Вейджер. Реальная история о кораблекрушении, мятеже и убийстве

22
18
20
22
24
26
28
30

Двадцатого мая впередсмотрящий заметил мыс Эспириту-Санту, самую северную оконечность острова Самар. Ансон немедленно приказал экипажу убрать верхние паруса, чтобы корабль было труднее заметить. Он хотел добиться эффекта внезапности.

В течение нескольких недель под палящим солнцем он и его команда курсировали взад и вперед в надежде обнаружить галеон. Один офицер писал в дневнике: «Тренируем наших людей в их каютах в великом ожидании»[689]. Позже он добавил: «Остаемся на своих постах и наблюдаем за происходящим»[690]. Однако после месяца изнурительных тренировок и поисков в условиях невыносимой жары люди теряли надежду увидеть добычу. «Вид у всей команды сделался очень кислый»[691], – записал в своем бортовом журнале лейтенант Сумарес.

Двадцатого июня рассвет забрезжил в 5:40 утра. Когда солнце поднялось над морем, впередсмотрящий крикнул, что далеко на юго-востоке что-то приметил. Ансон на квартердеке поднял подзорную трубу и посмотрел на горизонт. Там, на зубчатой кромке моря, виднелось несколько белых пятнышек – паруса-брамсели. На судне, находившемся в нескольких километрах от него, не было испанского флага, но по мере приближения стало ясно – это галеон. И он был один.

Приказав всему экипажу расчистить палубы для боевых действий, Ансон бросился в погоню. «Наш корабль тотчас превратился в бродильный чан, – отметил Милькамп. – Каждый был готов помочь, и каждый думал, что дело не может быть хорошо сделано без его участия. Что касается меня, я думал, что они все сошли с ума от радости»[692].
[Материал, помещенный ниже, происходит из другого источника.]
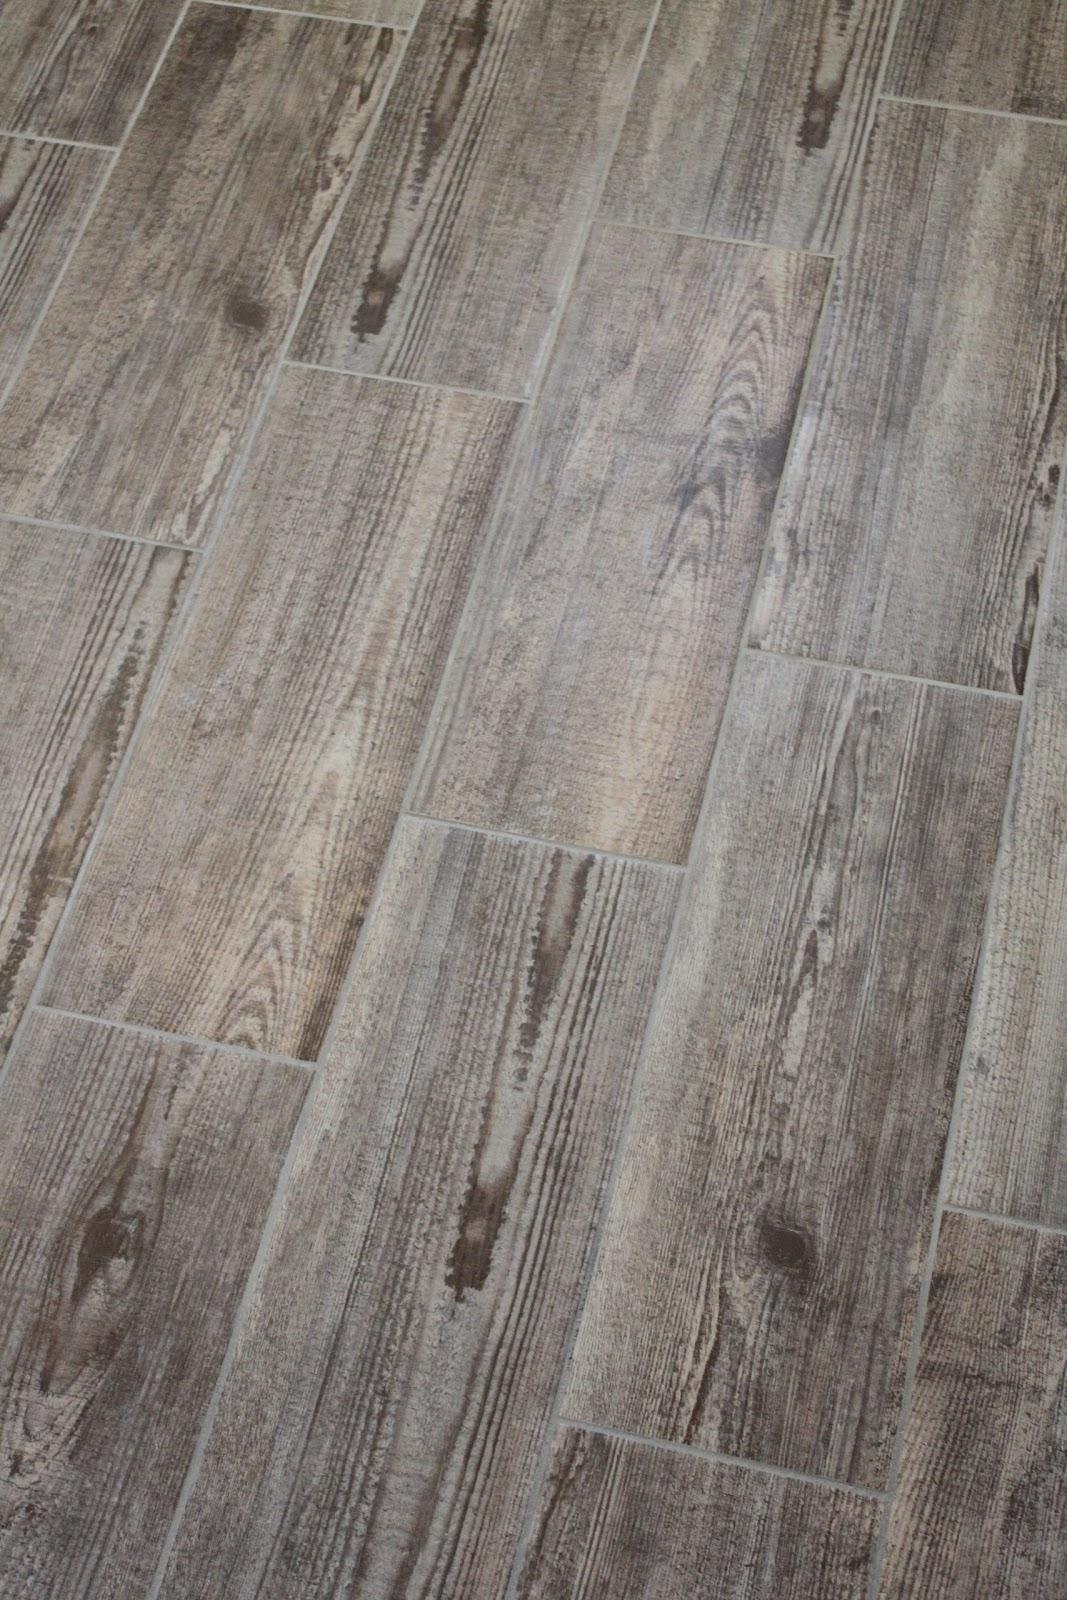 30 Beautiful Bathroom Tiles That Look Like Wood   eyagci.com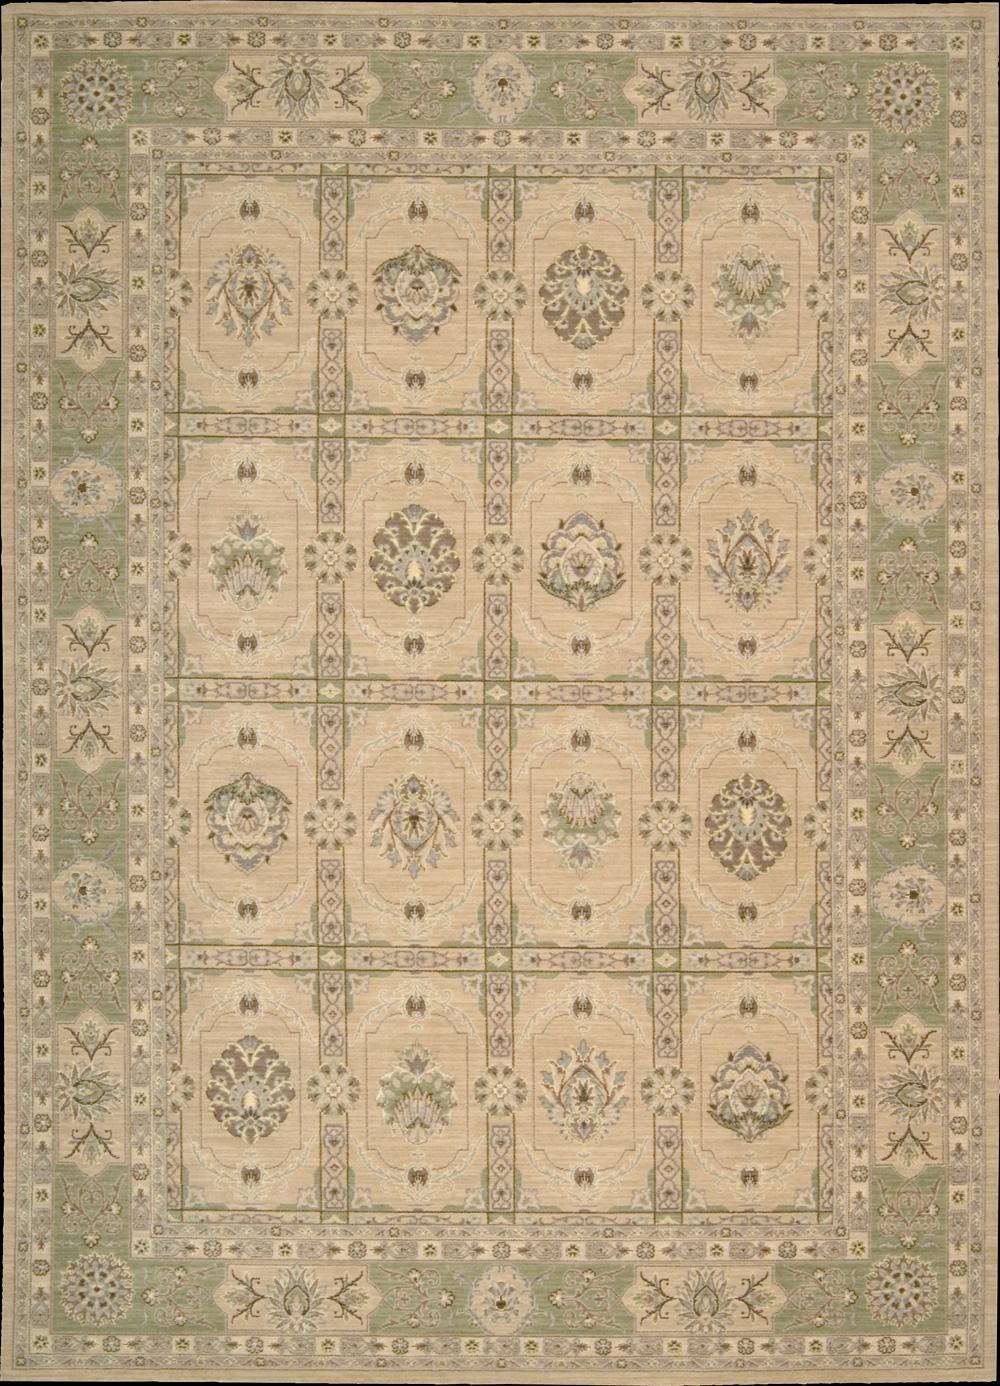 "Nourison Persian Empire Area Rug 5'3"" x 7'5"" - Item Number: 25464"

Были снесены перегородки кают, чтобы освободить место для артиллеристов, выброшен за борт весь попавшийся на пути скот, а также ненужная древесина, которая под огнем могла расколоться и разлететься смертоносными обломками. Палубы посыпали песком, чтобы меньше скользили. Артиллеристам выдали снаряжение для пушек: прибойники, банники, затравники, рога и пыжи и – на случай пожара – бадьи с водой. Внизу, в погребе, комендор и его помощники раздавали порох «пороховым обезьянам»[693], которые затем несли его вверх по лестницам и по всему кораблю, стараясь не споткнуться и не вызвать взрыв до начала боя. Фонари и камбузную плиту погасили. В недрах орлопдека Джордж Аллен, начавший путешествие двадцатипятилетним помощником хирурга и за счет естественной убыли персонала ставший главным хирургом, вместе со своими юнгами-лоблолли тоже готовился: он соорудил операционный стол из рундуков, разложил бинты и костные пилы и расстелил на полу парусину, чтобы его люди не поскальзывались на крови.

* * *

Галеон испанцы назвали «Богоматерь Ковадонга». И его команда понимала, что корабль преследуют. Однако испанцы даже не думали бежать, то ли преисполнившись отваги, то ли решив, что «Центурион» не в состоянии сражаться. Командиром был опытный офицер Херонимо Монтеро, прослуживший на «Ковадонге» четырнадцать лет. Ему приказали защищать корабль с сокровищами до последнего, а при необходимости взорвать, чтобы судно не попало в руки врага.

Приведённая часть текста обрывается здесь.